You'd need to get the "heat sink" style dimmer for them to run "cool". Dimmers can get something like 40 degrees over ambient, per the mfgr. and be "normal", but customers don't like it. Heat sink dimmers look like sin, but they'll do the trick for you. The face of them is 2-gangs big, but they fit in a single gang box. They will not fit in a gang box.


----------



## Minuteman (Dec 29, 2007)

I don't have an answer for you, maybe some one else will. 

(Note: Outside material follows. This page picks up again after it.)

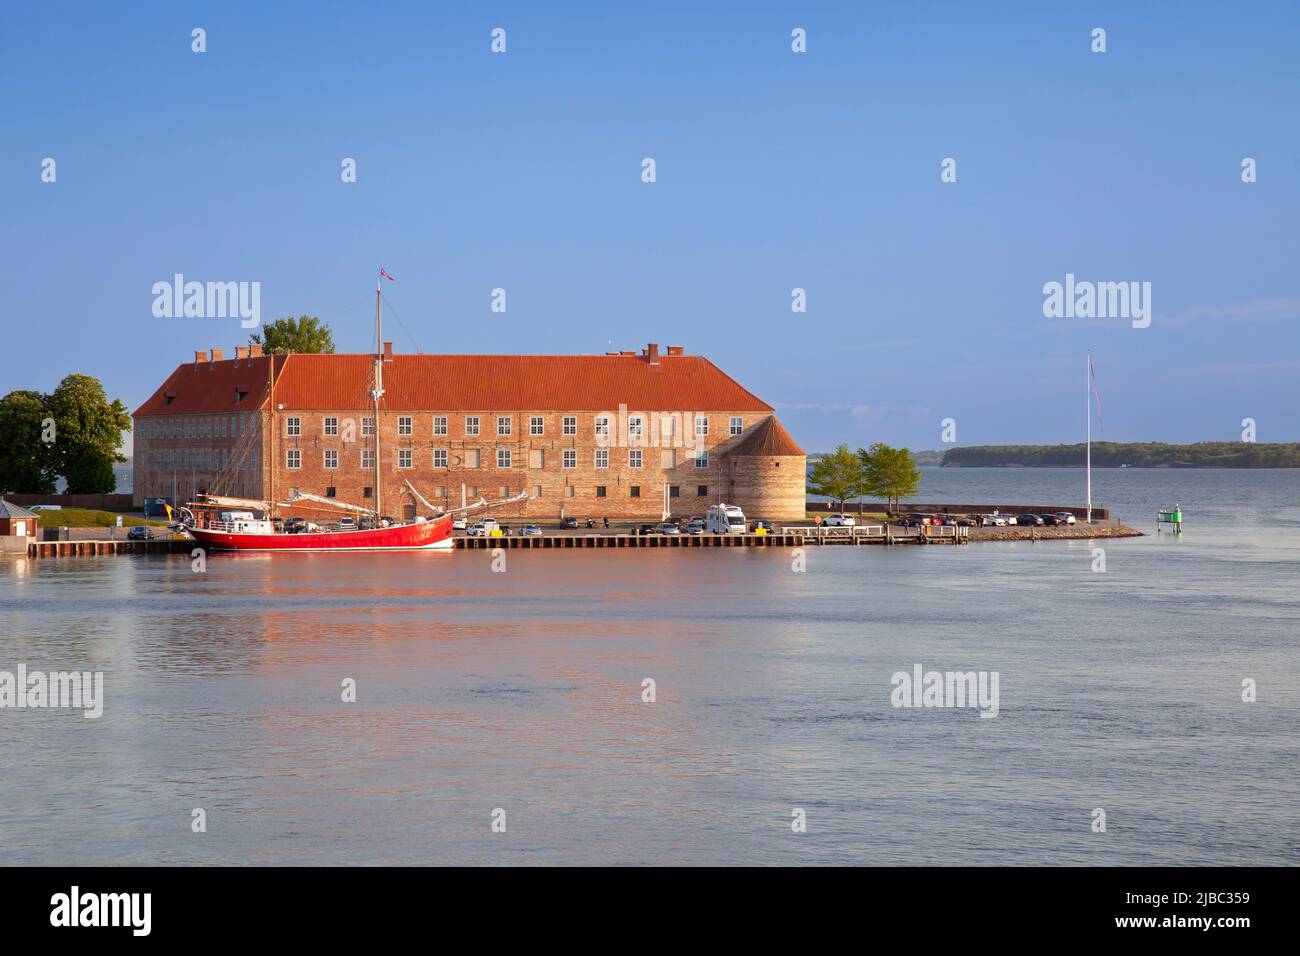 Castle Sonderborg,waterfront at the port of Sonderborg, Sonderborg, Denmark, Europe Stock Photo

What bothers me is this whole notion that it CAN be fixed. I mean, 860 watts is a lot of heat. It's the old "cake and eat it too" thing. Customer wants the large load, and wants it dimmable, and wants it without heat. Not asking for much.


----------



## MDShunk (Jan 7, 2007)

Basically, if you go get a Lutron (please stick with Lutron, for your own sake) 2000 watt dimmer, it will run quite cool with that 840 watt load. It will just look uglier than you intended since it will have the heat sink.


----------



## emtarnold (Jul 17, 2009)

*thanks to all*

Thank you to all who posted I will order one of the 2k dimmers from lutron appearance aside this does seem to be the best option. Perhaps I can talk the cabinet guys into putting a door over it :laughing:


----------



## Dennis Alwon (May 9, 2009)

Lutron also makes a Nova 1500 watt dimmer which may be cheaper but also may run a bit hotter. It also looks better. They will all get warm to some degree- it is the nature of the beast. 

I believe the 1500 watt is wider than pictured


----------



## ralph (Apr 6, 2008)

Was this switch in a box with other switches /or dimmers ? If you gang a 1000 watt with others, I think that the manufacturer makes you give back some of that available wattage. It could be up to 200 watts, wich would def cause the heating.


----------



## Toronto Sparky (Apr 12, 2009)

As I recall 1500w lutron is double wide and has fins but the cover covers all the fins. Looks O.K. to me. 
Once again they can't be ganged without losing rating big time.


----------